━━━ Exercise data
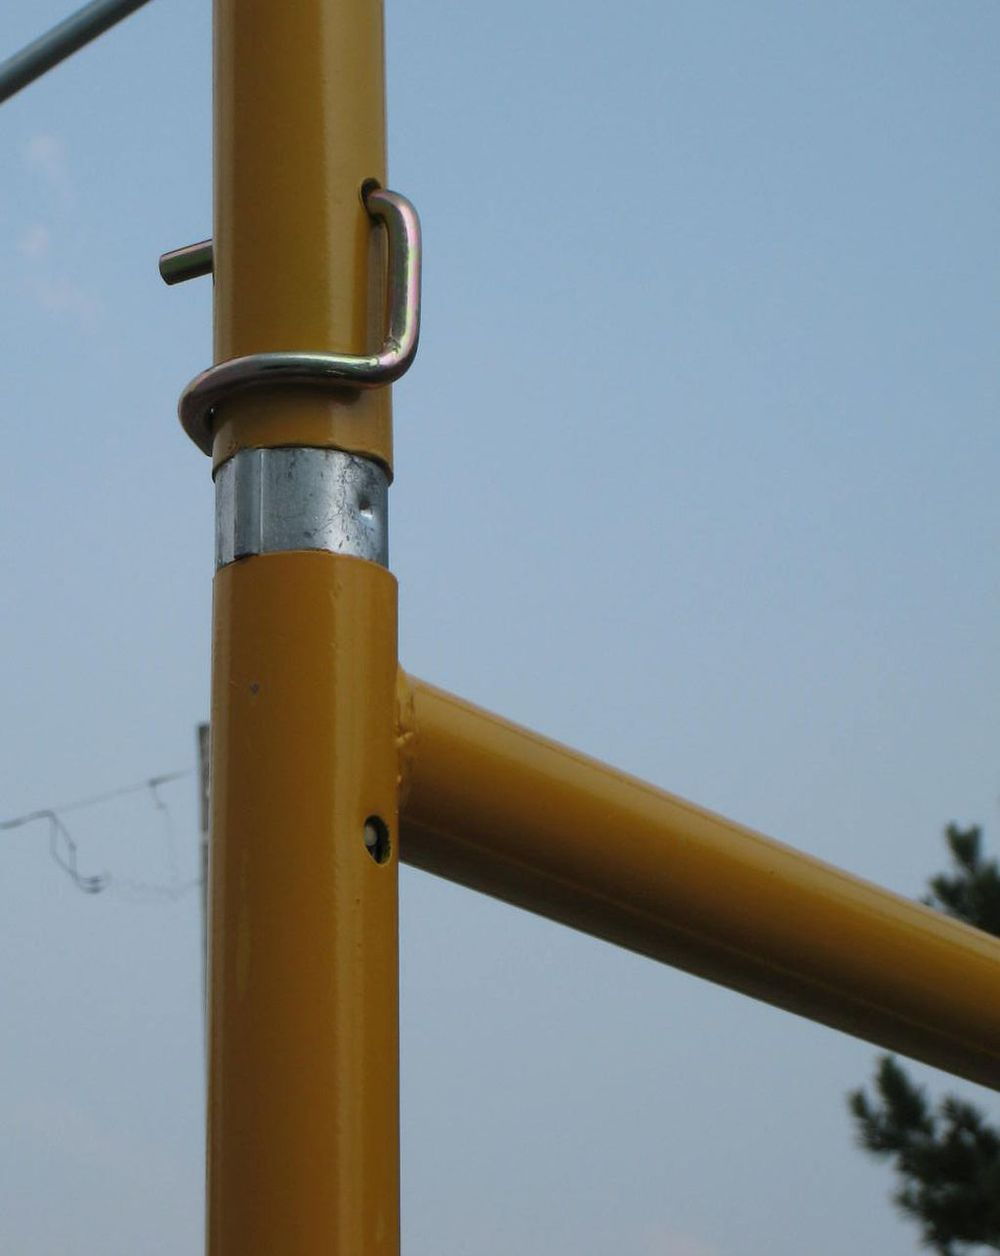 Scaffolding Snap Pin : Scaffolding frame galvanized steel lock pin scaffold
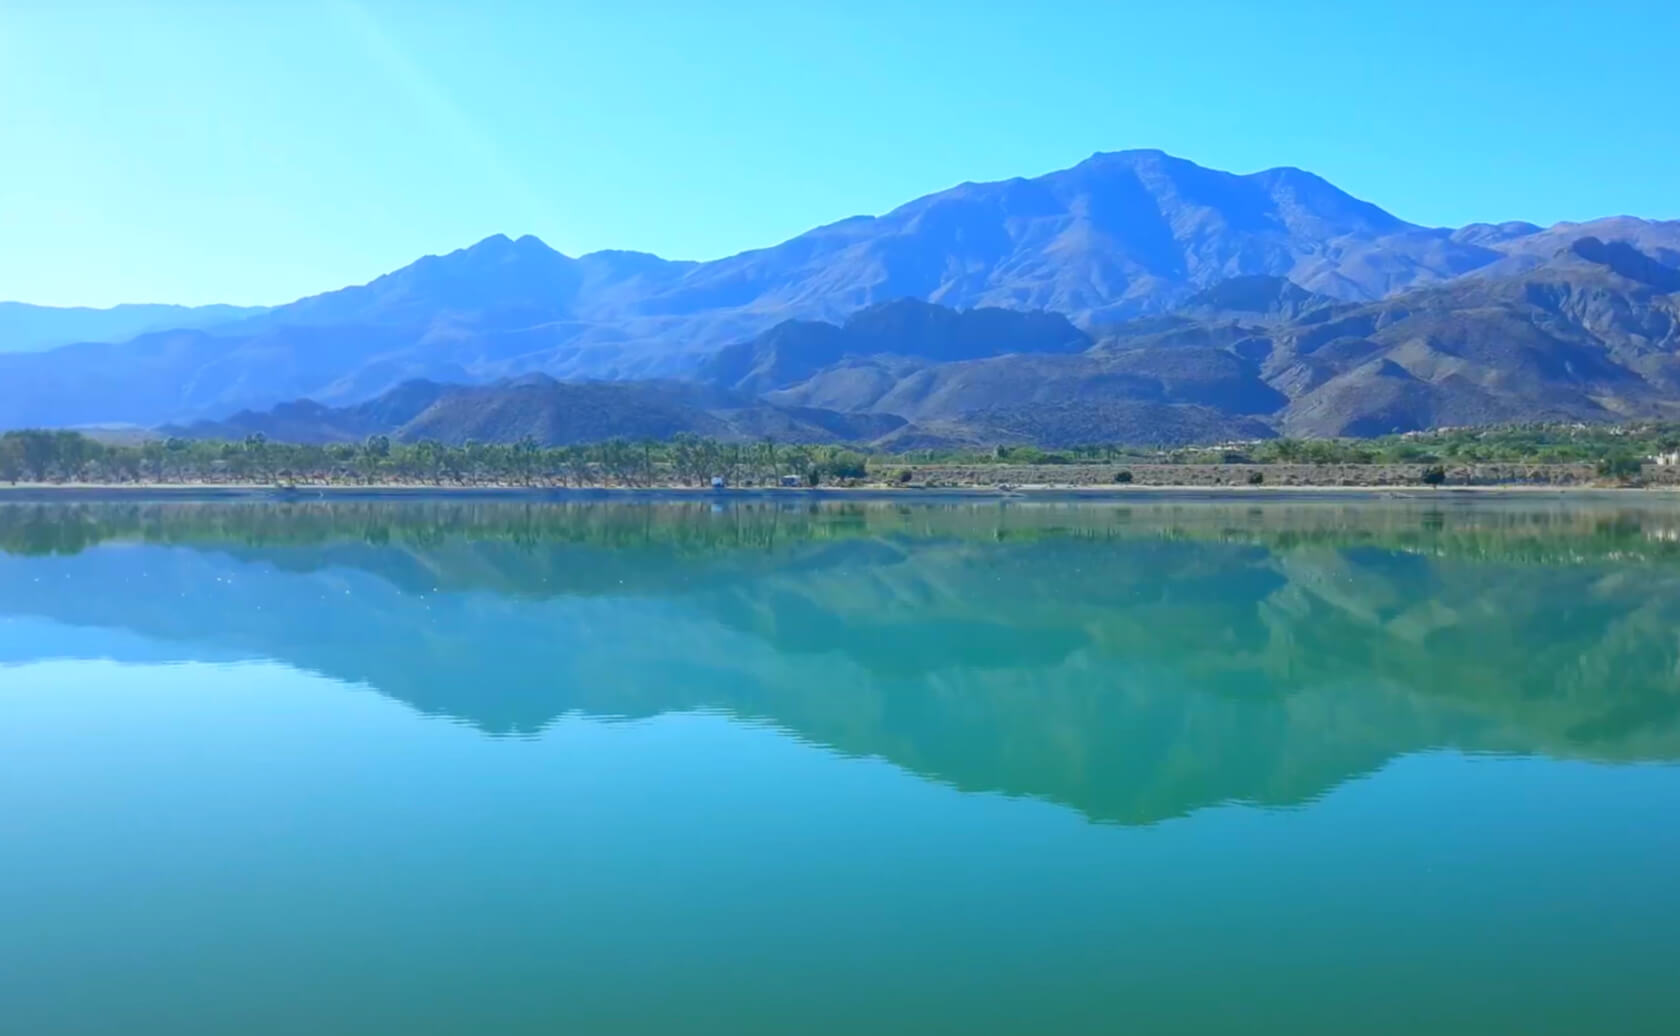 Cahuilla-Lake-Fishing-Guide-Report-La-Quinta-CA-15.jpg
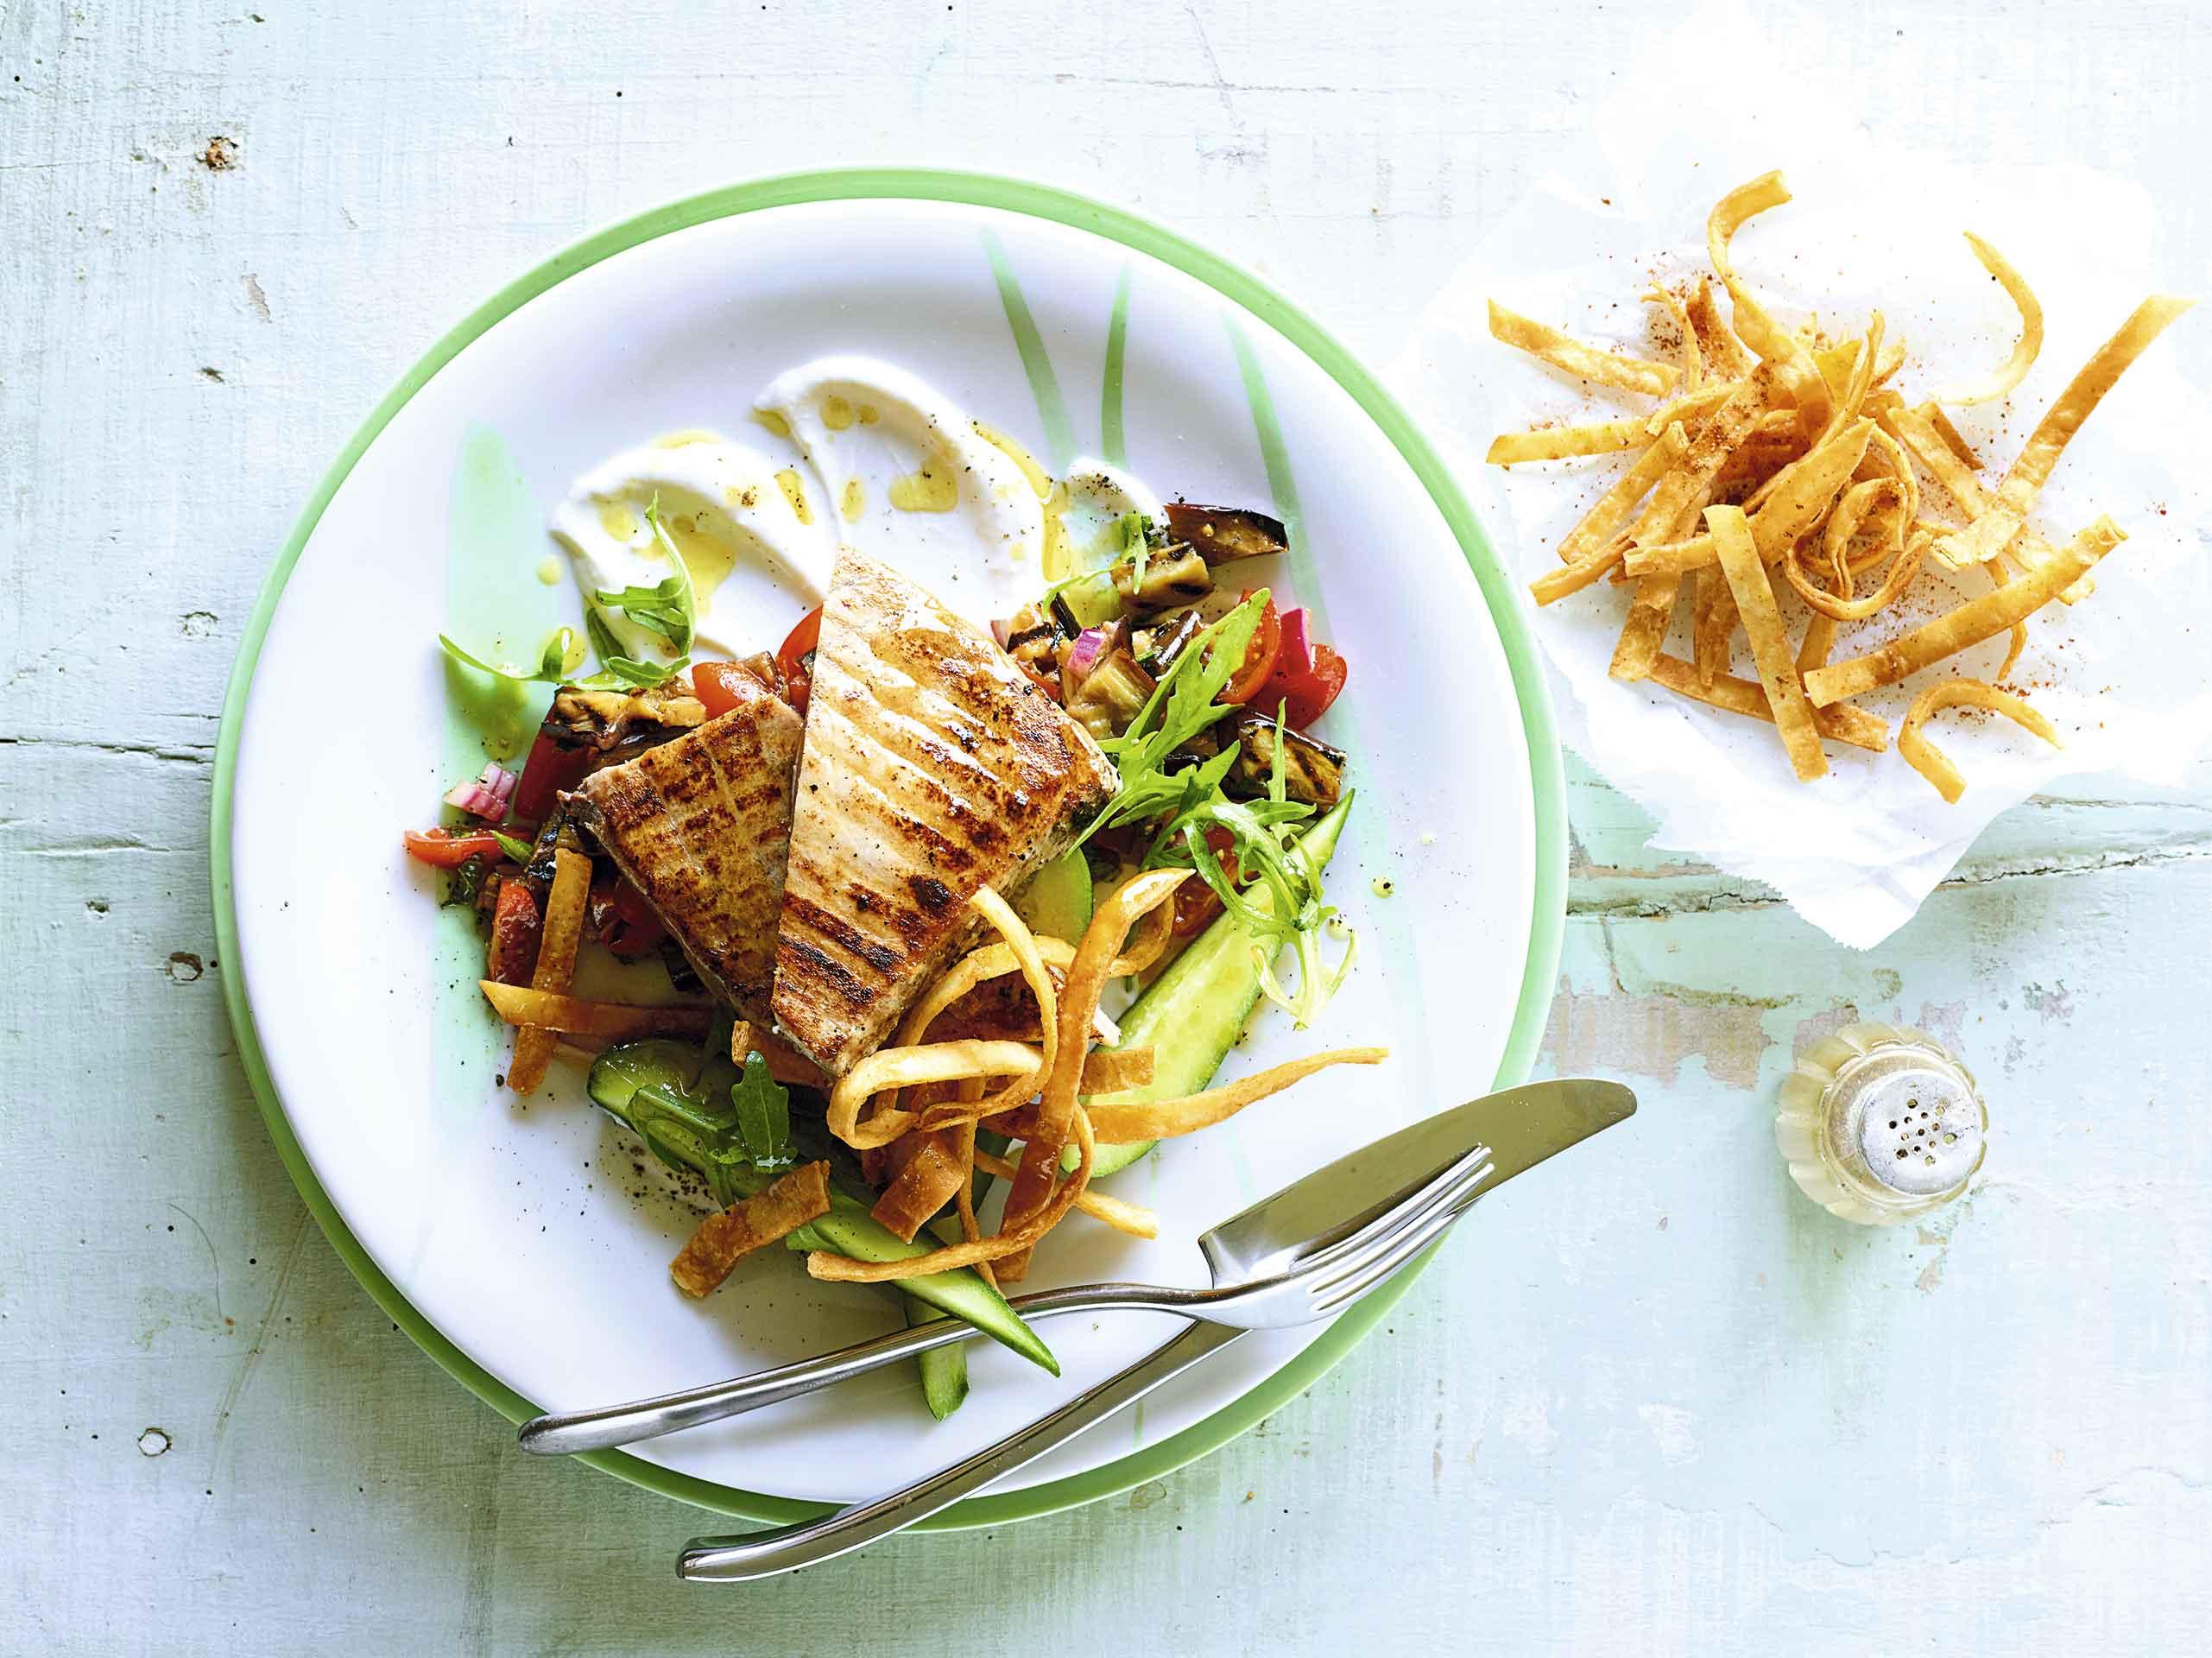 Ensalada de atún con frituras de pan pita, arúgula y salsa de berenjena
━━━━━━
## Try it
Each line from the one containing "Cahuilla-Lake-Fishing-Guide-Report-La-Quinta-CA-15.jpg" through the last line of the listing must be copied exactly, and the pictures must not be.

## Answer section
 Cahuilla-Lake-Fishing-Guide-Report-La-Quinta-CA-15.jpg
 Ensalada de atún con frituras de pan pita, arúgula y salsa de berenjena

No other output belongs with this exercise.